There are several strategies to speed up kernel density estimation when N, the number of data points, is large, and we also want to evaluate the KDE at some large number N of locations.
By using k-d trees, we can efficiently handle data in something up to like 10 dimensions. The basic idea is that, for any query point, most data points will be far away, and clumps of far-away points may as well be treated as a single point instead. By carefully choosing when to make this approximation, we can enforce bounds on the error introduced. These bounds are usually better than those attained by Gauss transforms (see below), since they’re based on the data, instead of theoretical upper bounds on accuracy loss.
k-d trees were introduced by Bentley, J. L. (1975). Multidimensional binary search trees used for associative searching. Communications of the ACM, 18(9), 509–517.

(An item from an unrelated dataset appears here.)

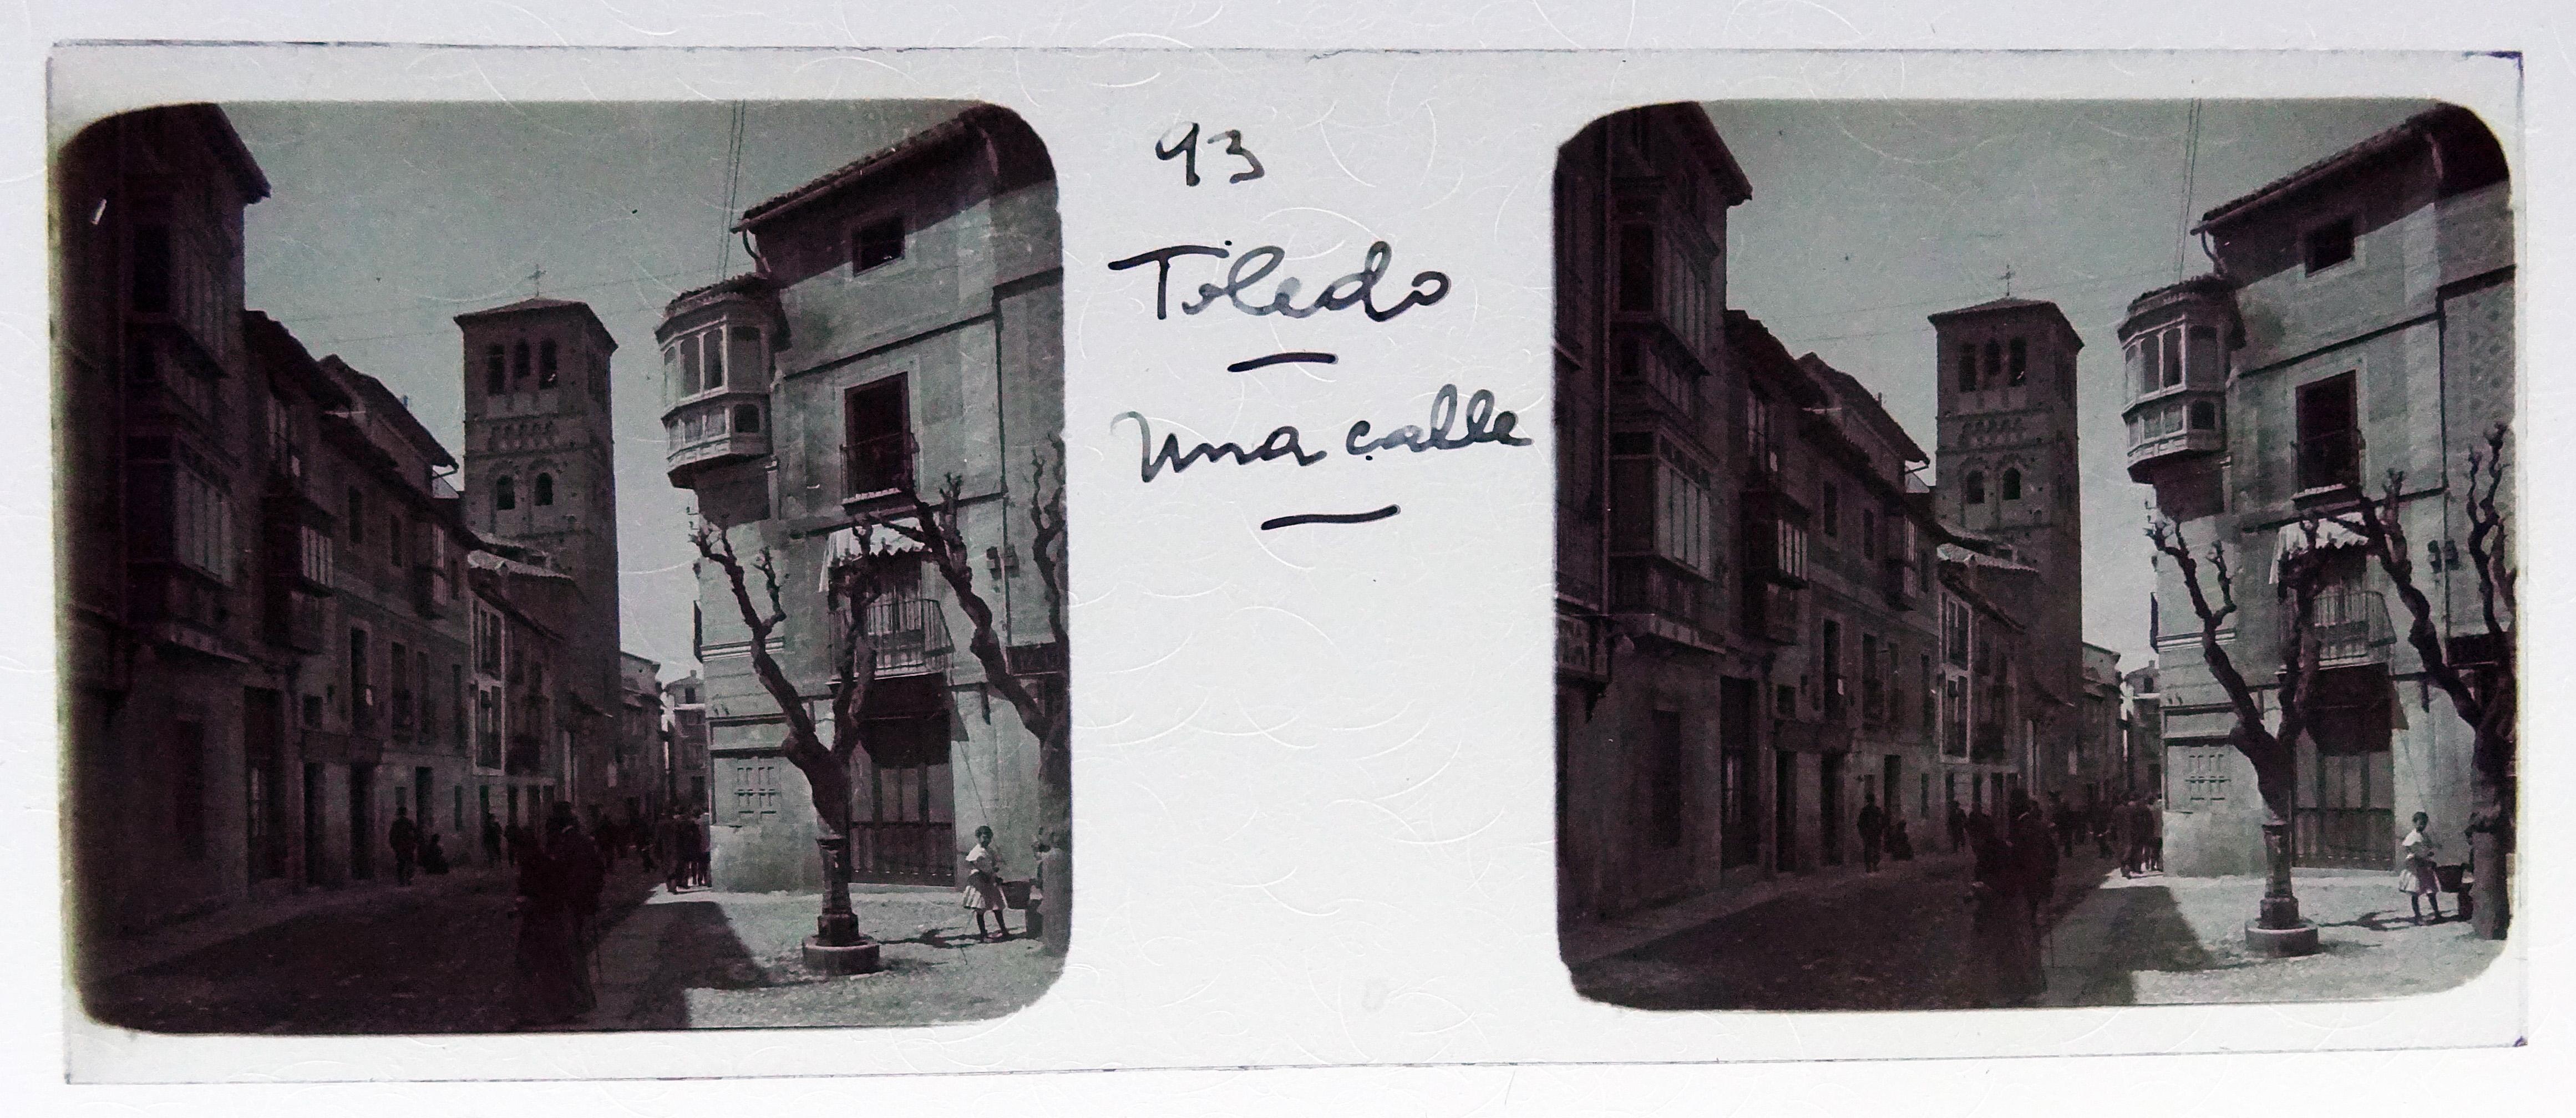 Calle de Santo Tomé. Fotografía de Francisco Rodríguez Avial hacia 1910 © Herederos de Francisco Rodríguez Avial
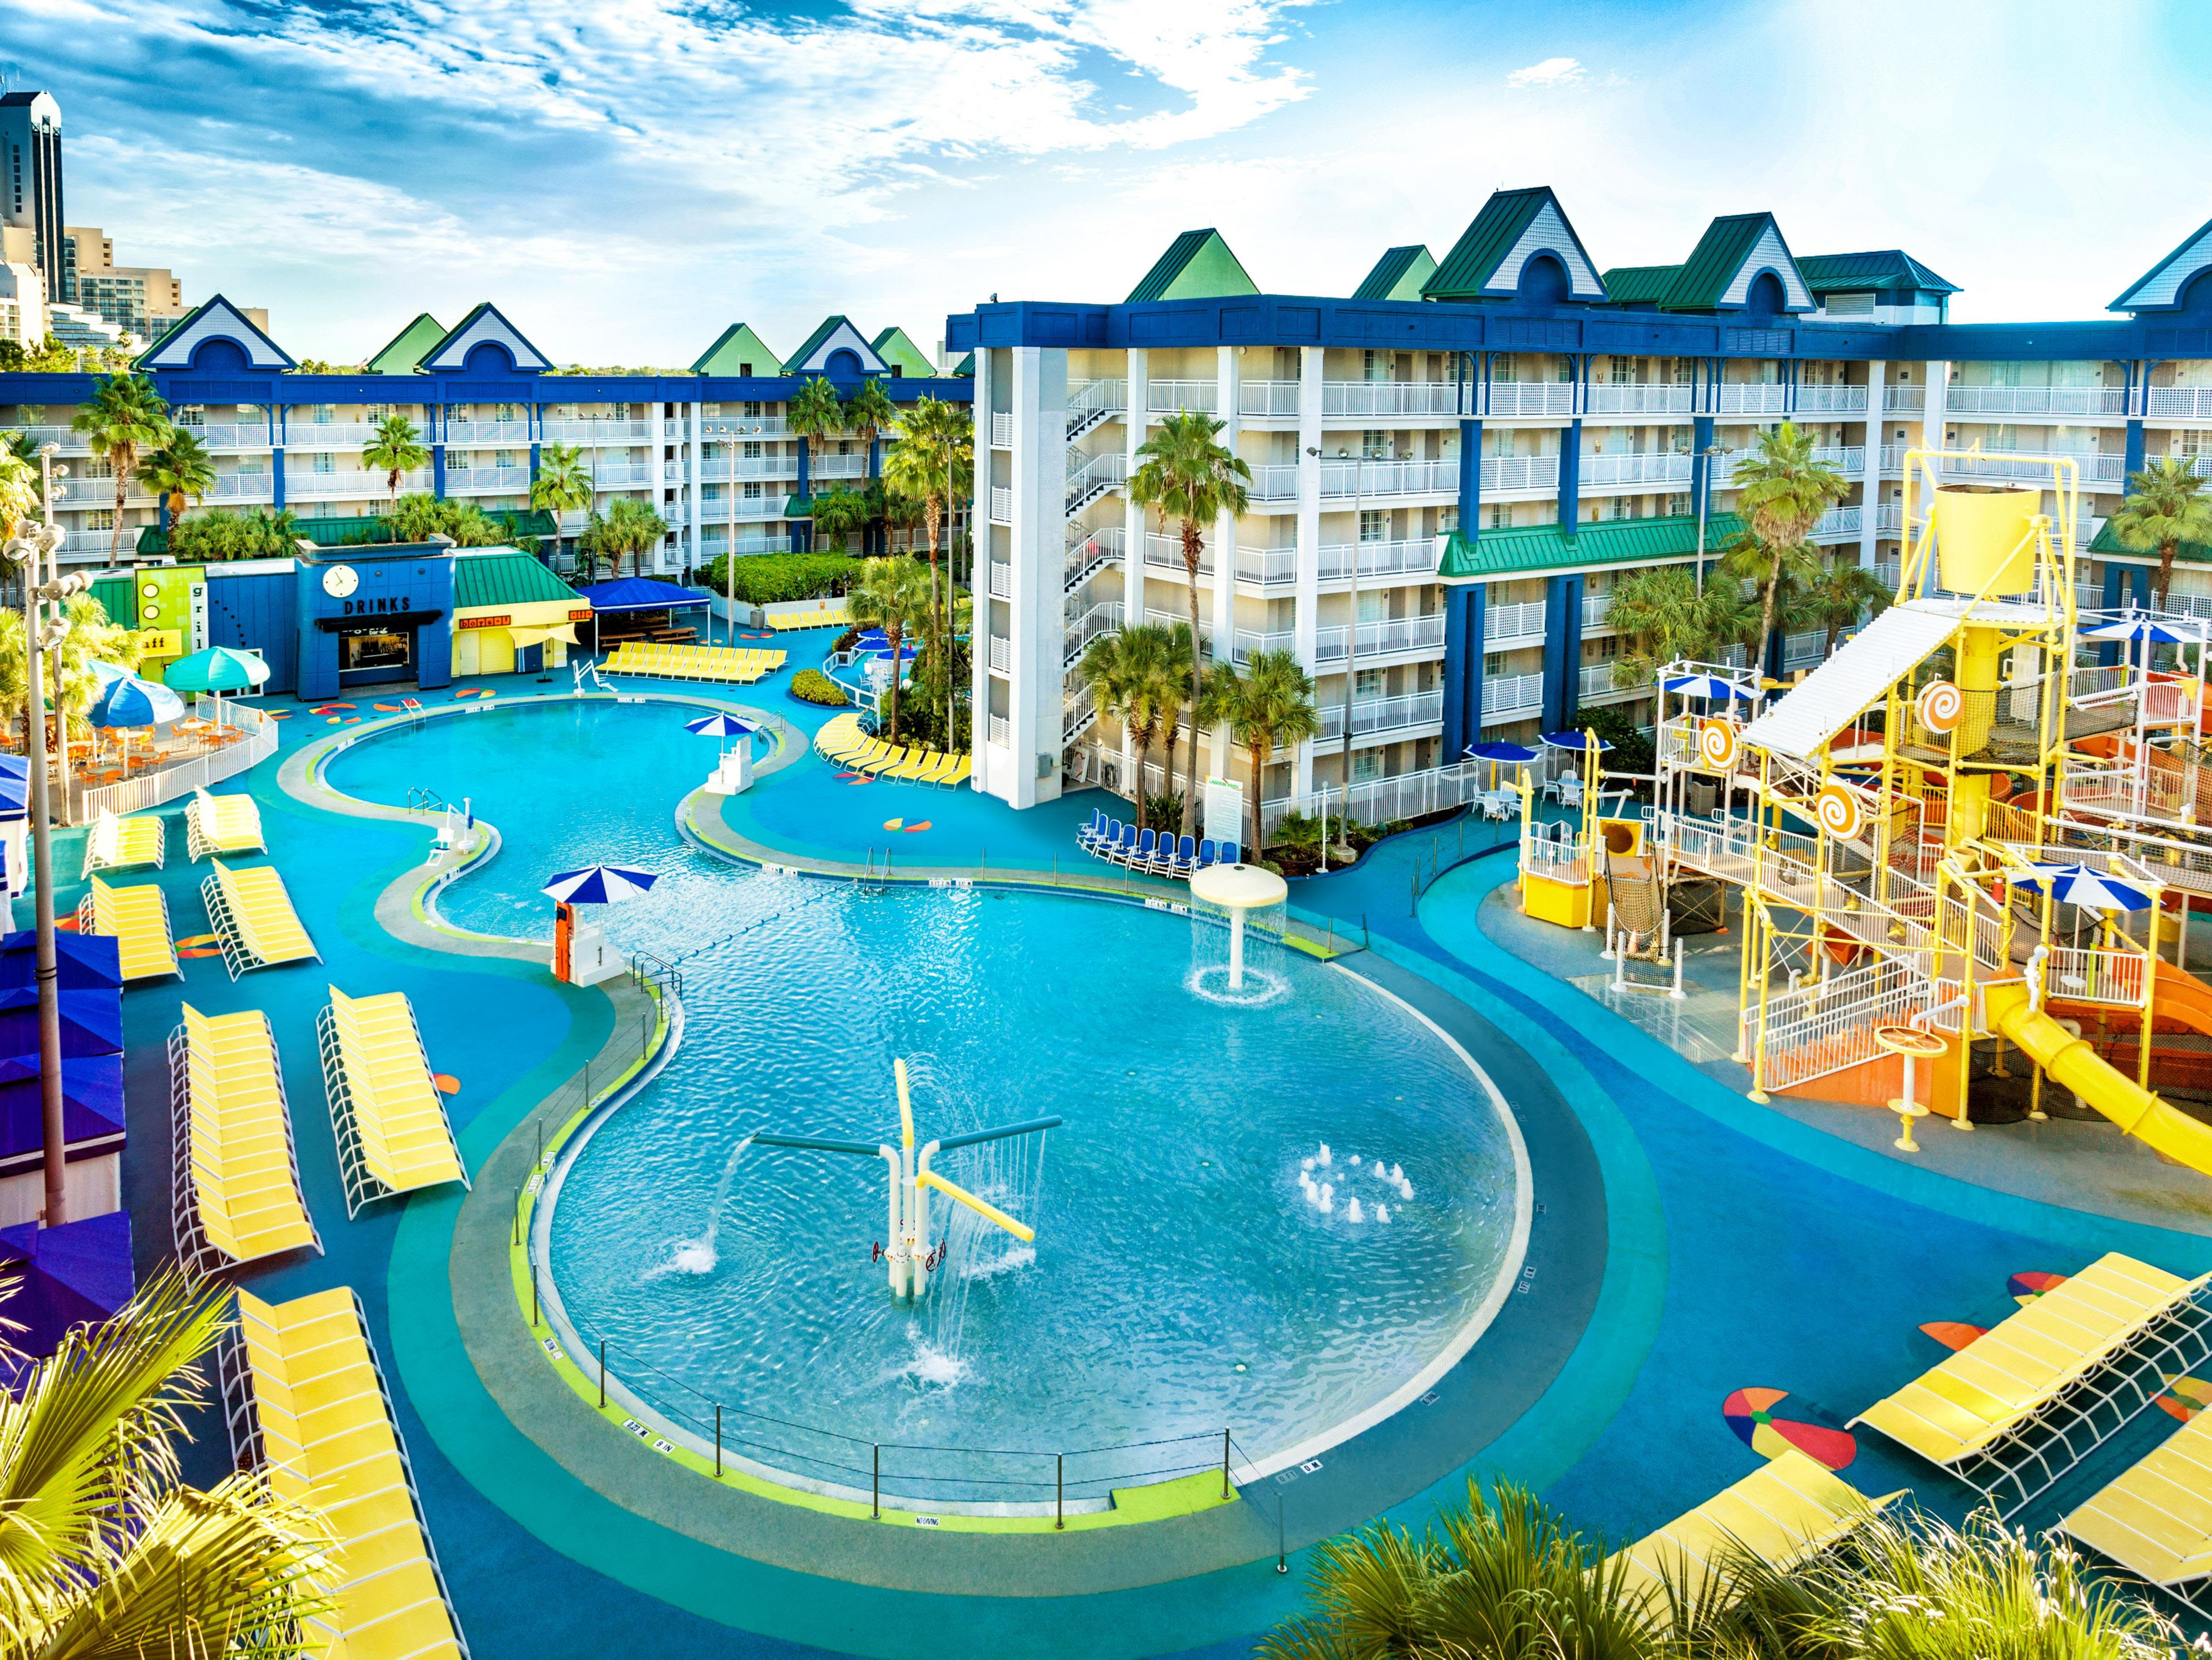 Holiday Inn Resort Orlando Suites  Waterpark Hotel by IHG

Gray, A. G., & Moore, A. W. (2003). Nonparametric density estimation: Toward computational tractability. In Proceedings of the 2003 SIAM International Conference on Data Mining (pp. 203–211). SIAM. doi:10.1137/1.9781611972733.19
High-level overview of the k-d tree method, with rather minimal pseudocode and brief descriptions.
Gray, A. G. (2003, April). Bringing tractability to generalized n-body problems in statistical and scientific computation (PhD thesis). Carnegie Mellon University. http://reports-archive.adm.cs.cmu.edu/anon/2003/CMU-CS-03-222.pdf
Gray’s thesis gives a better exposition of the algorithm.
Lang, D., Klaas, M., & Freitas, N. de (2005). Empirical Testing of Fast Kernel Density Estimation Algorithms (No. TR-2005-03). University of British Columbia. https://www.cs.ubc.ca/cgi-bin/tr/2005/TR-2005-03.pdf
Lang, D. (2004, October). Fast Methods for Inference in Graphical Models (PhD thesis). University of British Columbia. http://citeseerx.ist.psu.edu/viewdoc/download?doi=10.1.1.83.9783&rep=rep1&type=pdf
Lang formulates the algorithm differently (section 3.3.5), in a fashion that is more amenable to easy implementation.
Using a series expansion of the kernel instead of clever data structures. There are a zillion variations.
Lee, D., Moore, A. W., & Gray, A. G. (2005). Dual-tree fast Gauss transforms. Advances in Neural Information Processing Systems. http://machinelearning.wustl.edu/mlpapers/paper_files/NIPS2005_570.pdf
Points out an error in Greengard et al, and suggests a hybrid approach using k-d trees and Gauss transforms together.